Esa mañana en el colegio nadie prestó atención a la lección, y cuando doña
Nati, la profesora, no estaba atenta, todos comentábamos por lo bajinis temas
relacionados con el film.
-
Esta
noche a las diez.
-
Sí,
por fin…
Por la
tarde los nervios fueron en aumento. Estábamos tan excitados que doña Nati tuvo
que regañarnos en varias ocasiones. Incluso amenazó con un examen sorpresa si no
nos tranquilizábamos. Ni con esas logramos calmar las ansias. En un momento
dado, el Moto, empezó a imitar a un gorila. Al Moto siempre se le dieron bien
las imitaciones. Y claro, aquello fue un cachondeo.
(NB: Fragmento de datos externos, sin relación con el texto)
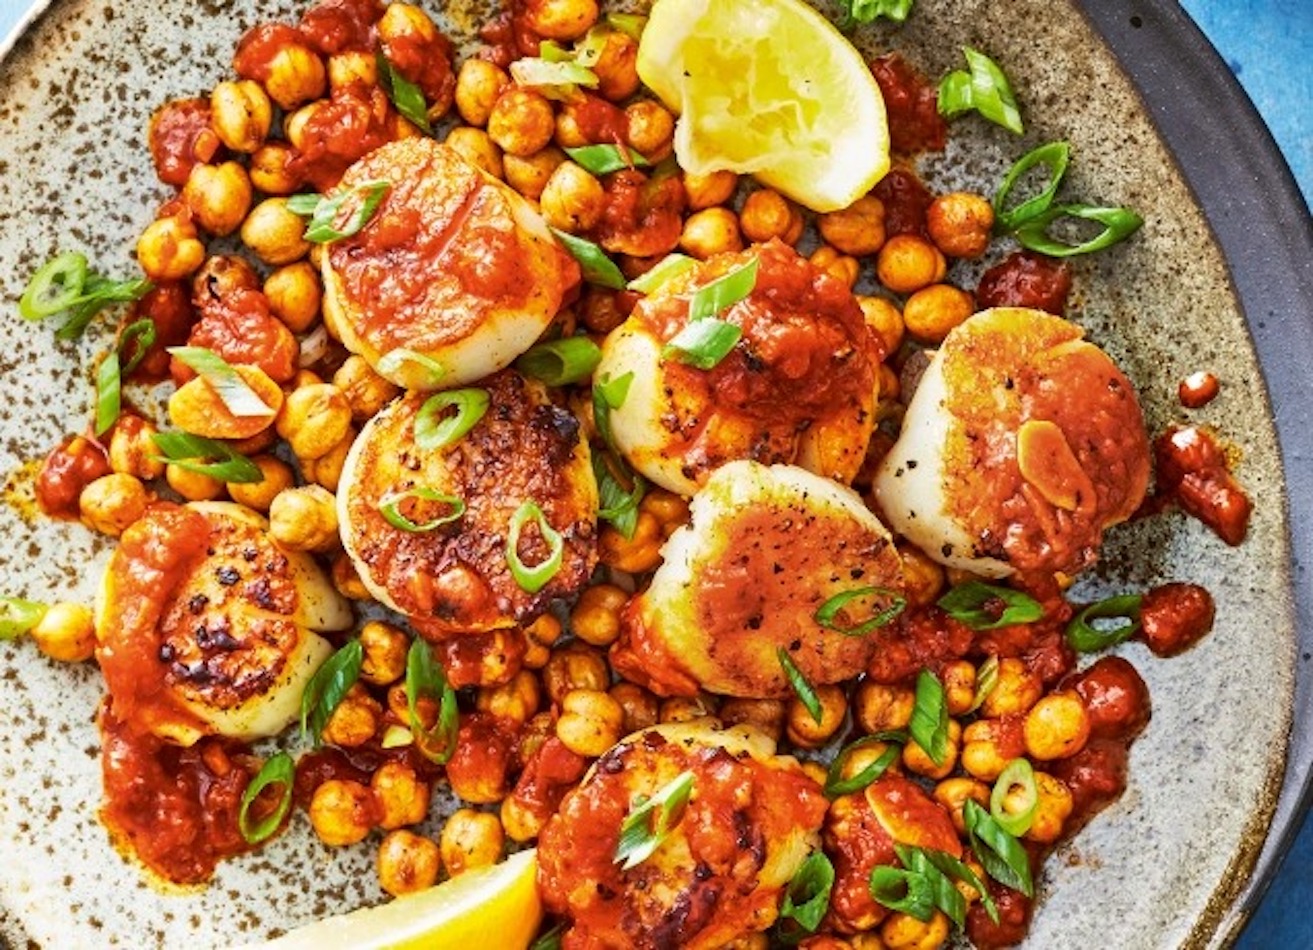 10 Mediterranean Diet Dinner Recipes

Doña Nati, que no se había
enterado de nada por estar cara a la pizarra, volvió a sacar el tema del
examen, pero la hora de la salida de clase estaba próxima y todo quedó en agua
de borrajas.
De camino a
casa vi a mi padre entrando en una taberna. No me gustó verle entrar en aquel
antro. Tuve un mal presentimiento, no obstante, aparté los malos pensamientos y
seguí andando. En casa esperaba mi madre, rodeada de montones de pantalones a
medio hacer. Toda una prisión con muros de tela vaquera. Ella cosía a destajo
para una empresa textil y apenas le quedaba un segundo libre. Aun así, conseguía
sacar tiempo para nosotros y para atender la casa.
-
Haz tú la merienda, que voy muy retrasada.
Preparé un
par de bocadillos y salí al jardín para merendar en compañía de mi hermana.
-
Sabes
que King Kong se traga diez negros todos los días para desayunar.
-
No
quiero saber nada de ese mono estúpido…
Solo
quedaban cuatro horas para la película. Quise alegrarme, sin embargo, no me
hacía gracia que mi padre estuviera por ahí bebiendo. El alcohol sacaba lo peor que había en él. Cuando venía borracho se creaba tal tensión que se podía palpar el miedo
dentro de la casa. Recé para que esa noche no llegase en tales condiciones.
A las ocho
y media en punto mi madre tenía la cena puesta sobre la mesa. Ni rastro de mi
padre.
-
¿Dónde está papá? –quiso saber mi hermana.
Mi madre no
dijo nada. Se notaba que estaba preocupada. Aguardamos unos minutos por si aparecía.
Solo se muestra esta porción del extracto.